◆ Work request
Word-for-word transcription needed. Include every entry below but no pictures.

◆ Available data
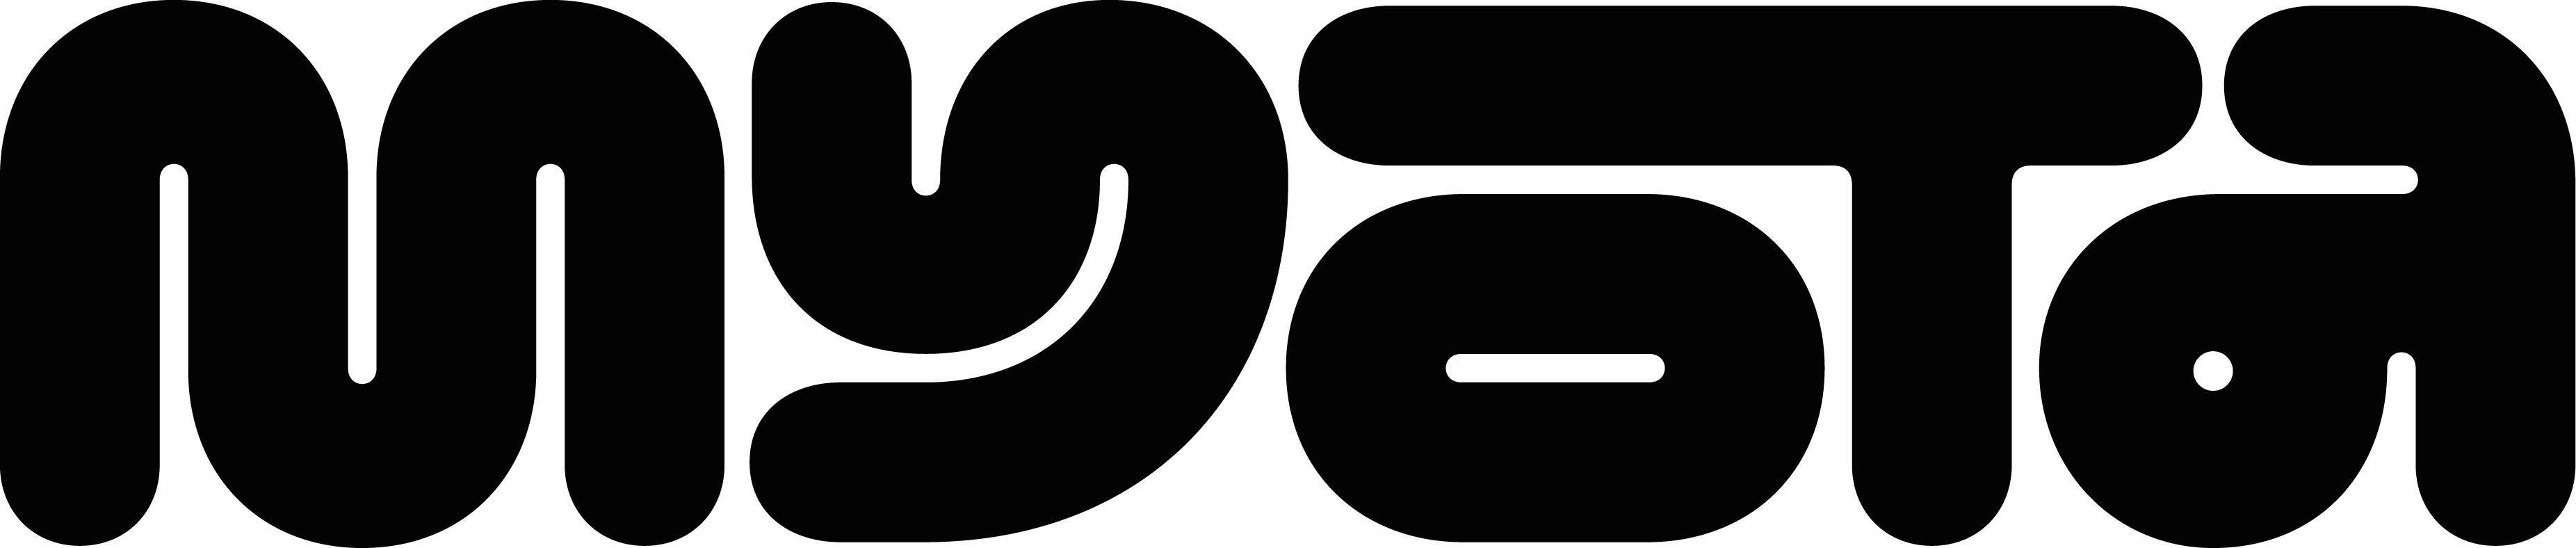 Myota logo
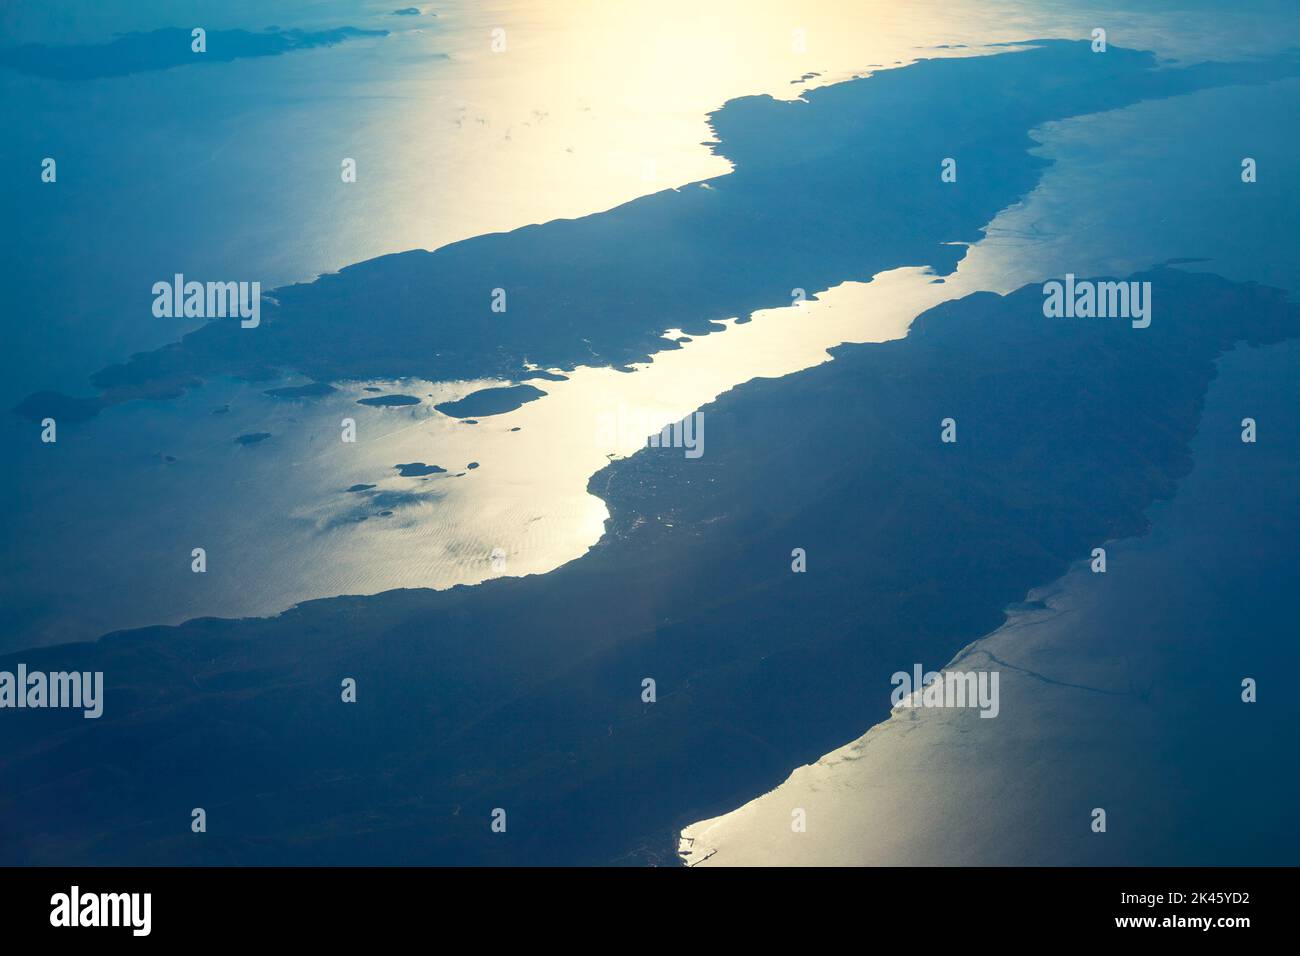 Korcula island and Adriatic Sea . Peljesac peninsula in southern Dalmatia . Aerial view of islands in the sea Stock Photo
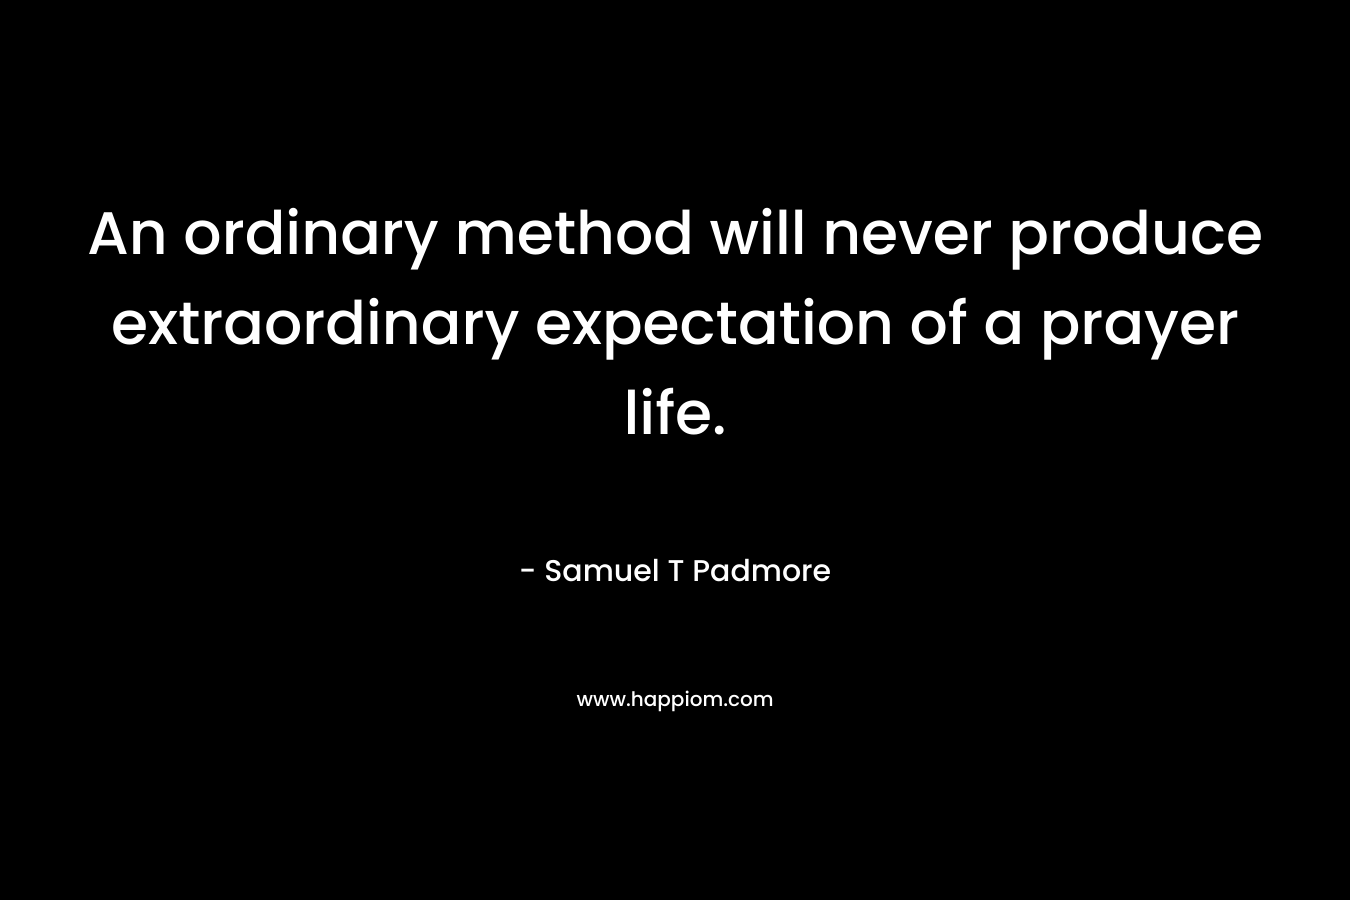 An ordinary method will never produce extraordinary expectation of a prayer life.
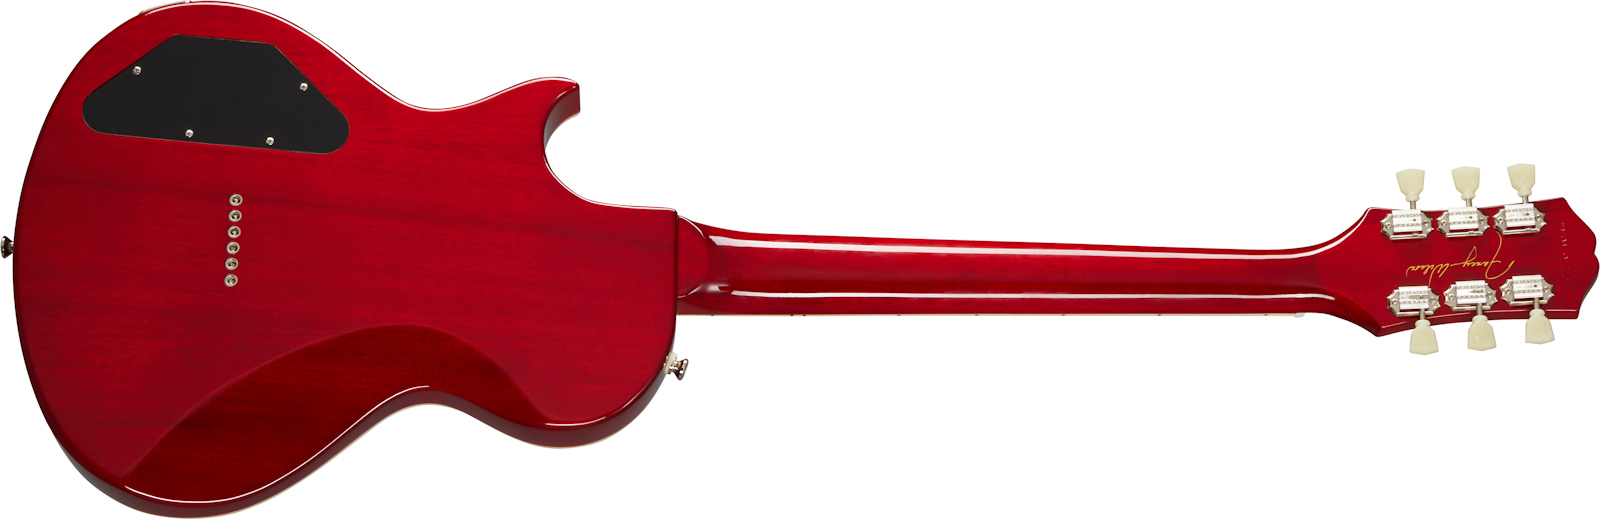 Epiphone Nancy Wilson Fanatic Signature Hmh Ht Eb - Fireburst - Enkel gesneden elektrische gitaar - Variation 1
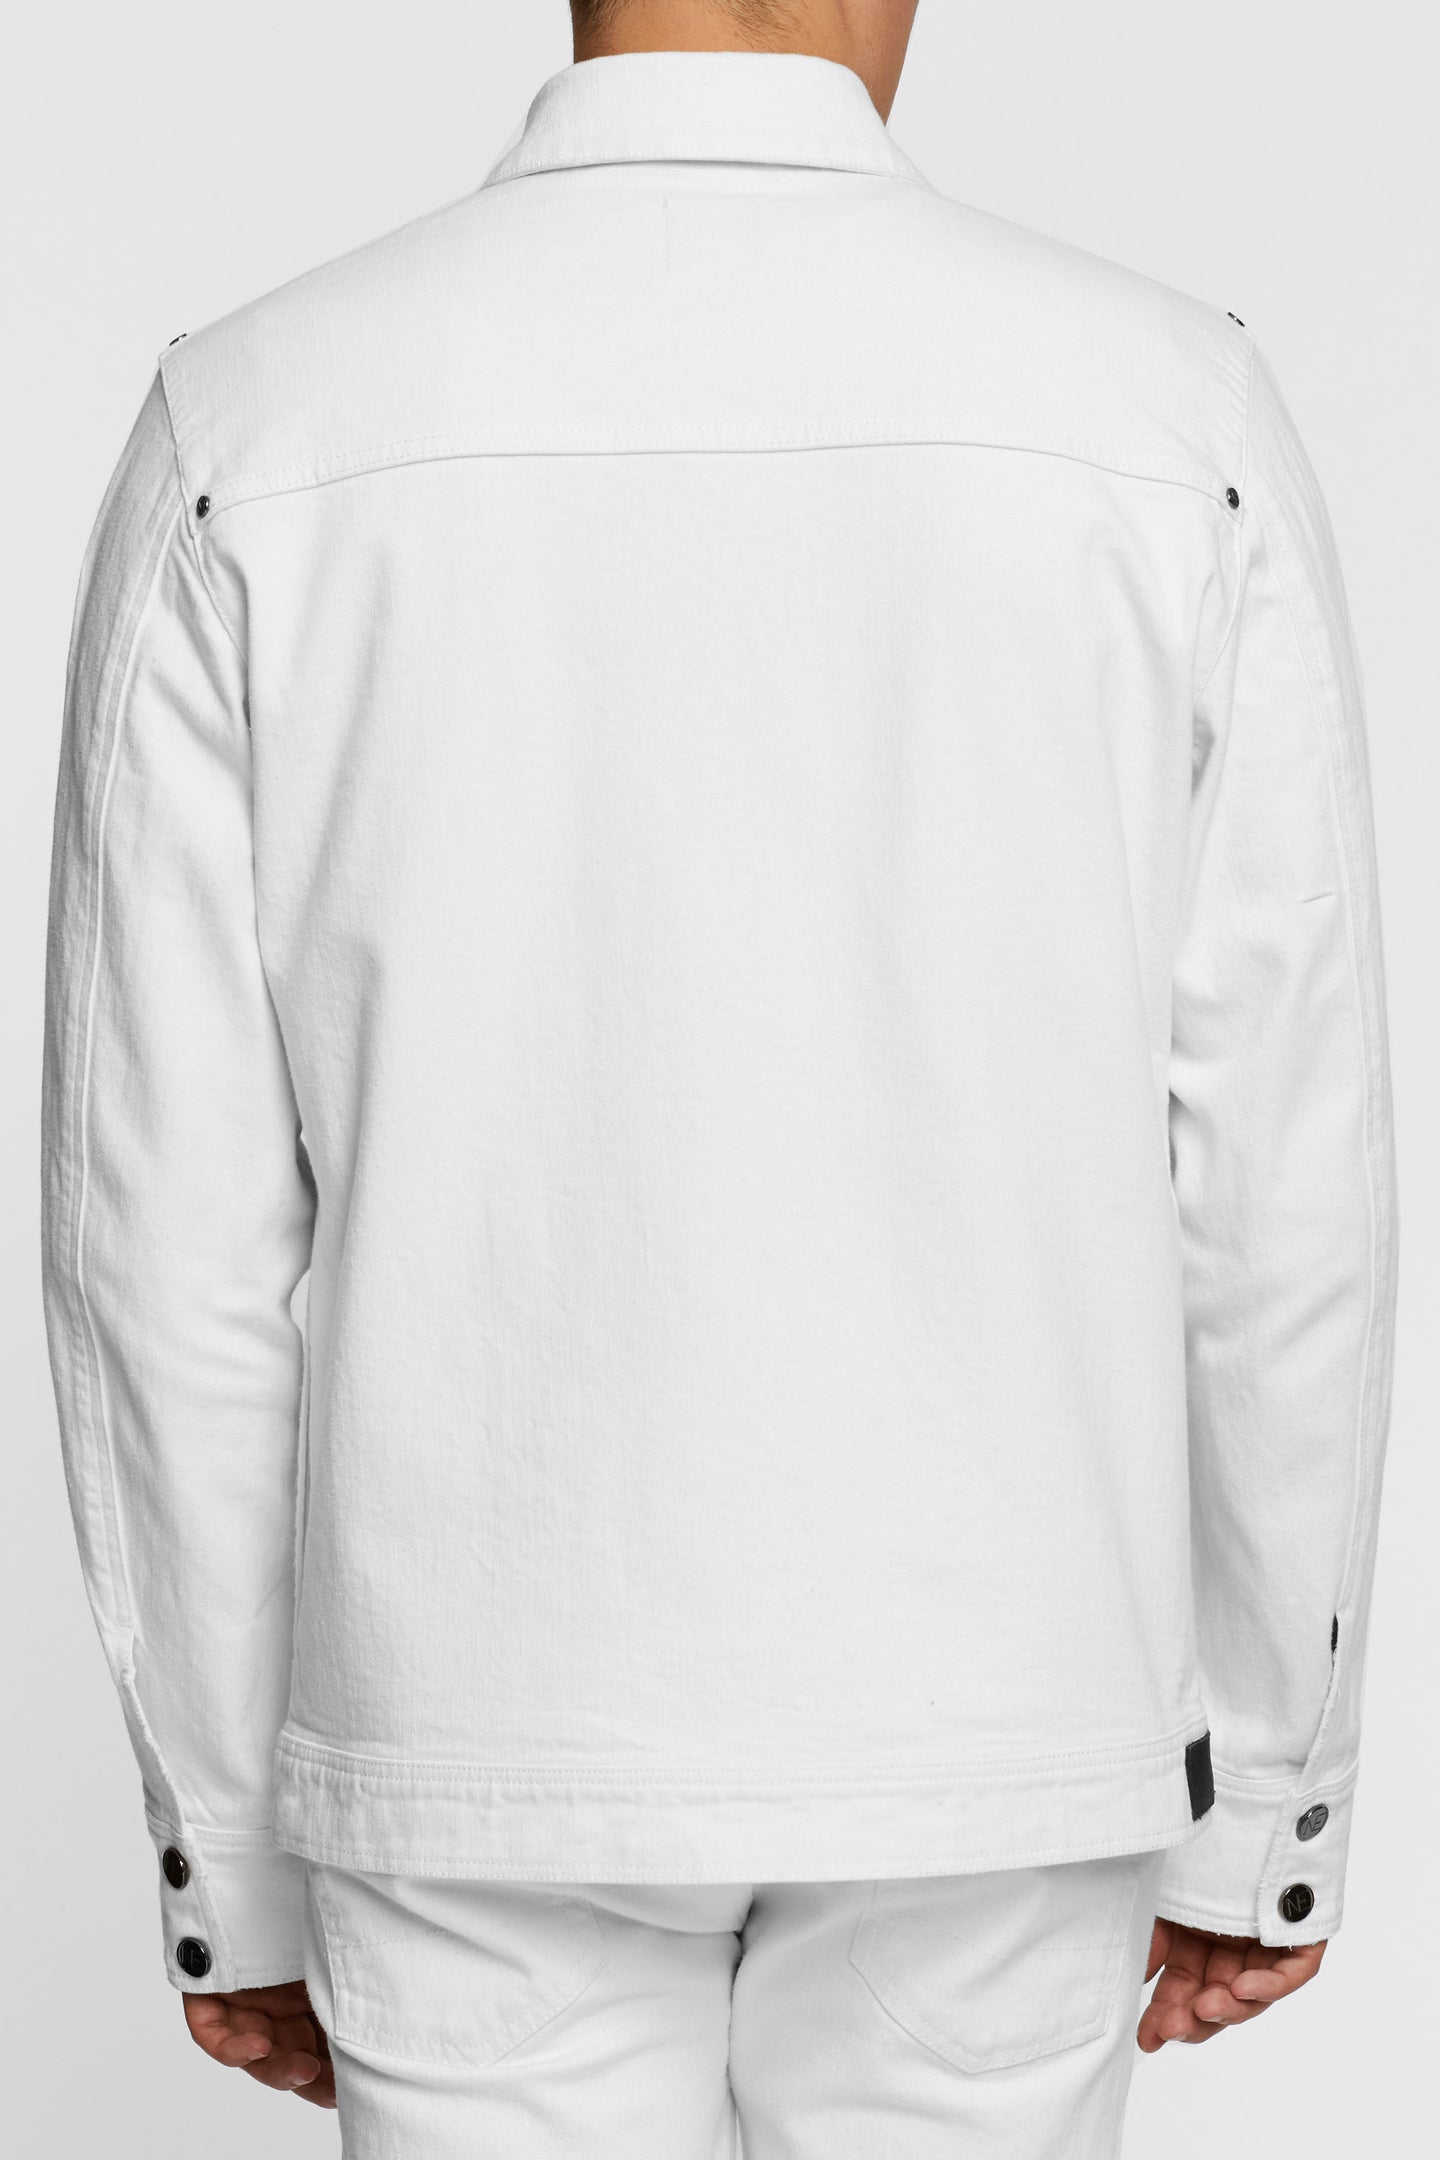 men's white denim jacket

◆ Worked solution
 Myota logo
 Korcula island and Adriatic Sea . Peljesac peninsula in southern Dalmatia . Aerial view of islands in the sea Stock Photo
 An ordinary method will never produce extraordinary expectation of a prayer life.
 Epiphone Nancy Wilson Fanatic Signature Hmh Ht Eb - Fireburst - Enkel gesneden elektrische gitaar - Variation 1
 men's white denim jacket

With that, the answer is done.